# Simrad NSS9 EVO3S



## Bonecracker (Mar 29, 2007)

My old Simrad NSS8 just took a dump on me and getting ready to install a new Simrad NSS9 EVO3S and wanted to get your thoughts on a new transducer install. I am not a big fan of the Active Image transducer or 12" hanging off the back of my skiff as we mostly use these instruments for there GPS function and wanted to know your thoughts!


----------



## Bonecracker (Mar 29, 2007)

Well I now see why there has been no responses to my question, LoL! After doing some research I see there are not many options besides the Active Image/ 3 n 1 transducer! Going to mount a Simrad NSS9 Evo3s on my Maverick 18 HPX and will up date with photos on the transducer install soon!


----------



## Scott (Aug 24, 2015)

Bonecracker said:


> Well I now see why there has been no responses to my question, LoL! After doing some research I see there are not many options besides the Active Image/ 3 n 1 transducer! Going to mount a Simrad NSS9 Evo3s on my Maverick 18 HPX and will up date with photos on the transducer install soon!

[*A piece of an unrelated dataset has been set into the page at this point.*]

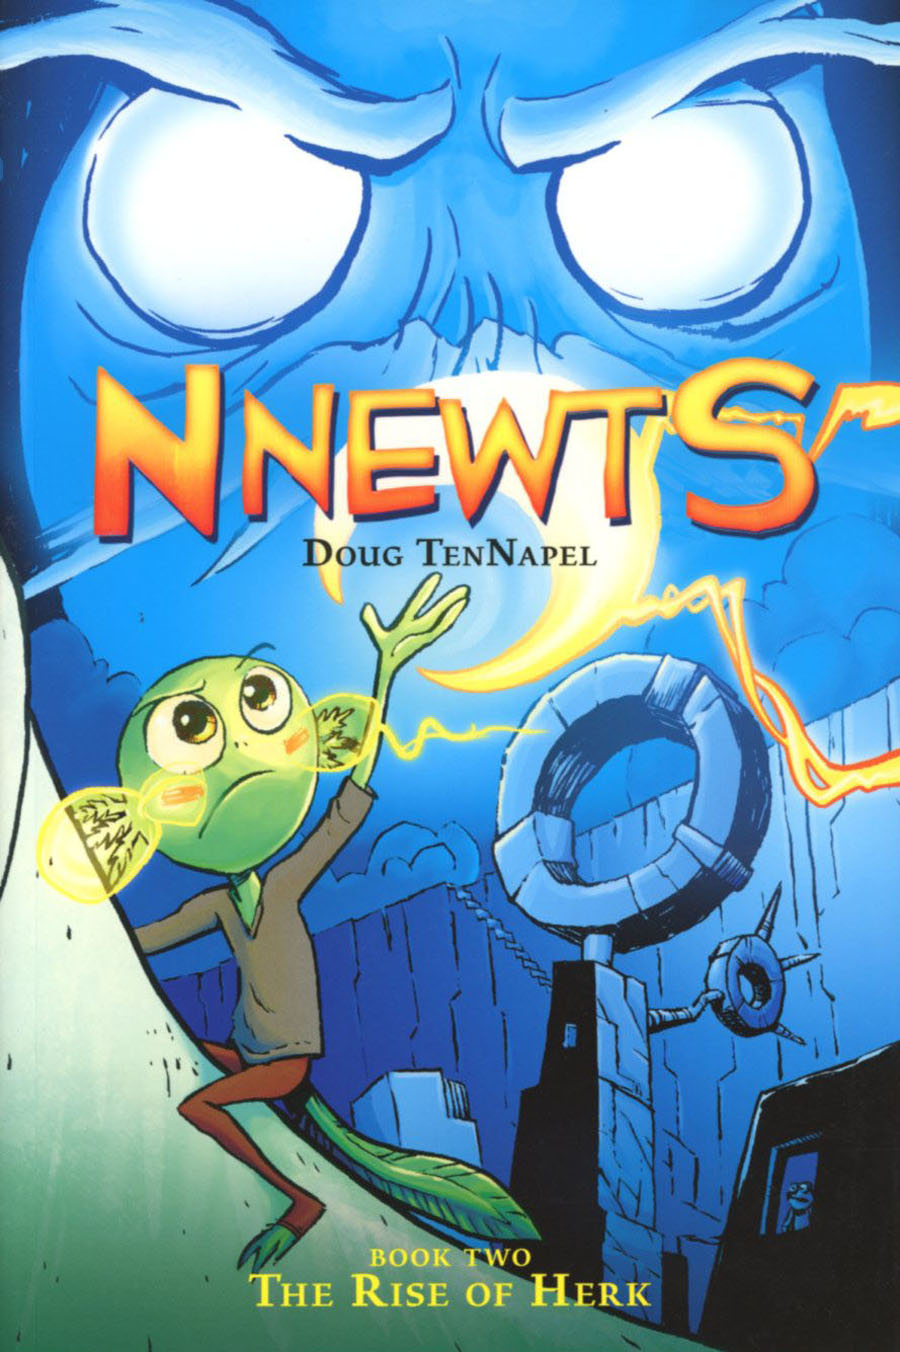 Nnewts Vol 2 The Rise Of Herk TP

I’m moving to a new area and am also getting that Simrad unit so I can run FMT. I’ve had a long Garmin transducer hanging off the back of my Hewes for years with no issue so the 3 in 1 was the one I was going with.


----------



## ifsteve (Jul 1, 2010)

I use a shoot thru hull transducer. Depth and temp are all I need. Its a skiff so I don't have any need for side imaging or fancy fish finding capabilities. And like you I dislike having anything not necessary hanging off the hull.


----------



## junkin35 (Nov 20, 2011)

if Steve,
What shoot through are you using? I'm running the same Simrad and my ducer is still in the box (only using gps) because I didn't want it hanging off the back of my skiff and dragging LA oysters.
Thanks,
Mike


----------



## ifsteve (Jul 1, 2010)

junkin35 said:


> if Steve,
> What shoot through are you using? I'm running the same Simrad and my ducer is still in the box (only using gps) because I didn't want it hanging off the back of my skiff and dragging LA oysters.
> Thanks,
> Mike


Mike, I thought it was an Airmar P79 but that doesn't show that it has temp which I do have. I'll try and look at my bilge and see if I can tell which one I actually have.

Steve


----------



## ifsteve (Jul 1, 2010)

Mike, I went at looked at all my paperwork and the actual transducer. But I can't find any info on it and there are no markings on the transducer itself. But its for sure not a P79.....looks different.


----------



## Water Bound (Dec 12, 2018)

My current skiff has the p79 in hull, mounted surrounded by antifreeze and it works great, no temp tho

My last skiff had this one and it worked really great as well. The external temp sensor is nice if you care about temp-








83/200 kHz Shoot Thru Skimmer c/w Temp - PDRT-WBL | Transducer | Simrad USA


The 83/200 kHz Shoot Thru Skimmer c/w Temp - PDRT-WBL. Find more industry leading Marine Transducers and electronics here. Buy Online.




www.simrad-yachting.com





or, this one without temp-








83/200 kHz In Hull/Mounted Shoot Thru Skimmer | Transducer | Simrad USA


The 83/200 kHz In Hull/Mounted Shoot Thru Skimmer. Find more industry leading Marine Transducers and electronics here. Buy Online.




www.simrad-yachting.com







junkin35 said:


> if Steve,
> What shoot through are you using? I'm running the same Simrad and my ducer is still in the box (only using gps) because I didn't want it hanging off the back of my skiff and dragging LA oysters.
> Thanks,
> Mike


----------